Лея Любомирская - Лучшее лето в её жизни
– Жукиня, зайчик мой! – Катарина уже сама чуть не плачет. – Ну скажи, что с тобой? Какое синенькое тебе нужно? Скажи, я тебе его дам!
Жука мотает головой, разбрызгивая слезы.
– Ты не дашь!!! Оно пропало!!!
В одиннадцать Катарина не выдержала и позвонила тете Дионизии.
– Да ребенок же заболевает! – закричала тетя Дионизия, и Катарина почти увидела ее трагически вздернутые брови и раздувающиеся ноздри. – Ты хотя бы догадалась смерить ей температуру?!
Тетя Дионизия считала Катарину никудышной матерью и не скрывала этого.
– Когда-нибудь ты уморишь бедную крошку, – говорила она, сидя у Катарины на кухне и звучно прихлебывая полезный тизан[50] из Катарининой чашки в маках. Тизаны тетя Дионизия заваривала сама и всегда носила с собой в пузатеньком термосе.
Катарина прижимает губы ко лбу плачущей Жуки. Лоб холодный и немного влажный.
– Нет у нее температуры, – говорит Катарина в трубку.
– Это ничего не значит, – недовольно отвечает тетя Дионизия. – Немедленно веди ребенка к врачу! Или я сама ее поведу!
– Синенькое! – рыдает Жука, уткнувшись Катарине в колени.
В поликлинике Жука плакала вначале совсем тихонечко, потом все громче и громче, потом упала на пол и заколотила по нему кулаками. Люди в очереди косились неодобрительно. Катарине захотелось оставить Жуку и сбежать.
– А вот где у меня мешок? – говорит неопрятная старуха в грязной юбке с надорванным кое-где подолом. У старухи только один зуб – длинный, как бивень, покрытый неприятным зеленоватым налетом.
Жука даже не поворачивается в ее сторону. Ей абсолютно все равно, где у неопрятной старухи мешок.
– Си-нень-ко-е! – кричит она сквозь слезы. – Си-нень-ко-е!
– Если бы ты была моей дочкой, ты бы у меня уже получила! – шипит старуха.
Катарина чувствует, что с нее хватит.
– Если вы скажете еще одно слово моему ребенку, я вас ударю, – говорит она.
До врача так и не дошли. Жука вдруг встала с пола, тщательно отряхнулась и помчалась к выходу, заливаясь слезами. Катарина поймала ее уже в холле, но обратно тащить не стала. Жука – устала что ли? – покорно дала руку и больше не убегала, и даже кричать перестала, только всхлипывала жалобно и бормотала про синенькое, которое пропало.
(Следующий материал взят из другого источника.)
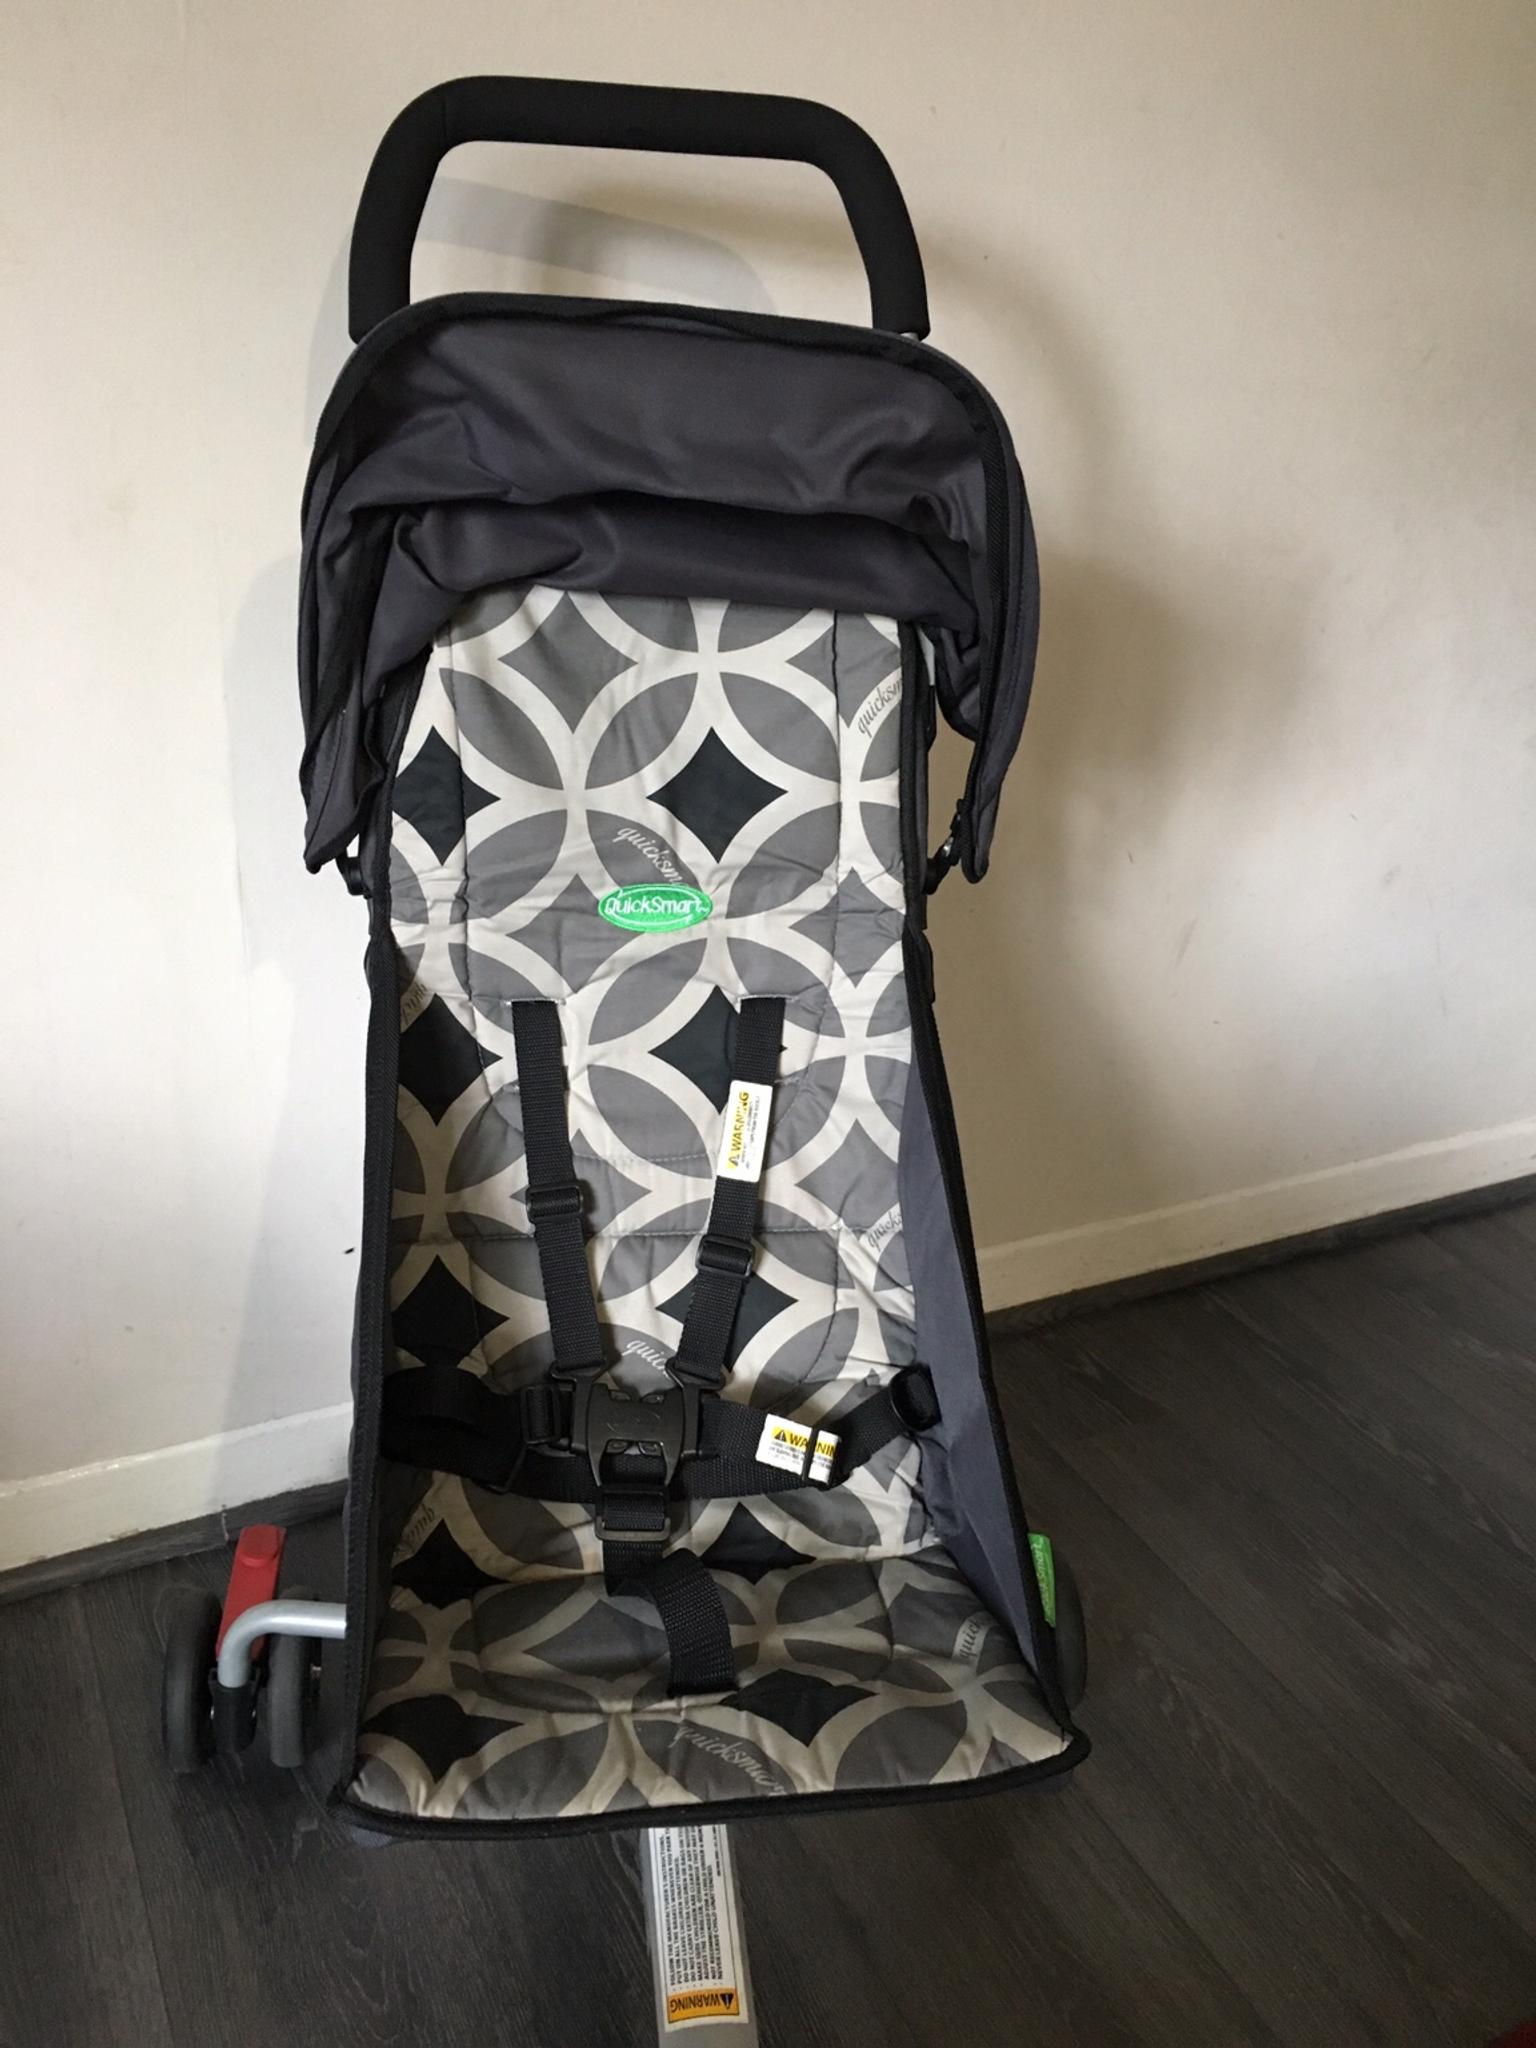 quicksmart backpack stroller

«Да что же это такое?! – думает Катарина. – Что я за мать такая, что никак своему ребенку синенького не найду?»
– Пойдем, заинька, – говорит она вслух. – Поищем твое синенькое.
Домой пришлось возвращаться на такси. Жука – уже переодетая в новый синий джинсовый сарафан и лазурную водолазку – уснула прямо в обувном магазине, где Катарина примеряла ей синие туфельки.
Дома Катарина аккуратно ее раздела – Жука только вздохнула, но не проснулась – и уложила в постель. И сама прилегла рядышком. Думала, что полежит часик и встанет делать ужин, но как-то незаметно задремала.
Рано утром выспавшаяся бодрая Жука тянет Катарину за нос и за ухо. Жука требует на завтрак вафлю, кофе с молоком, йогурт и яблоко. Катарина встает и, пошатываясь, бредет в ванную. По дороге бросает взгляд на часы. Надо же, как ее угораздило проспать почти четырнадцать часов?
Пока Жука ела свою вафлю, Катарина ходила по квартире в поисках «синенького». Она смутно помнила, что вместе с сонной Жукой принесла вчера домой синий рюкзачок, а в нем – синего гнома с дурацкой ухмылкой, две пары лазурных колготок, светло-голубую сумочку из соломки, ярко-синюю собачку и что-то еще. Но куда оно все делось? И где новый Жукин сарафан и водолазка?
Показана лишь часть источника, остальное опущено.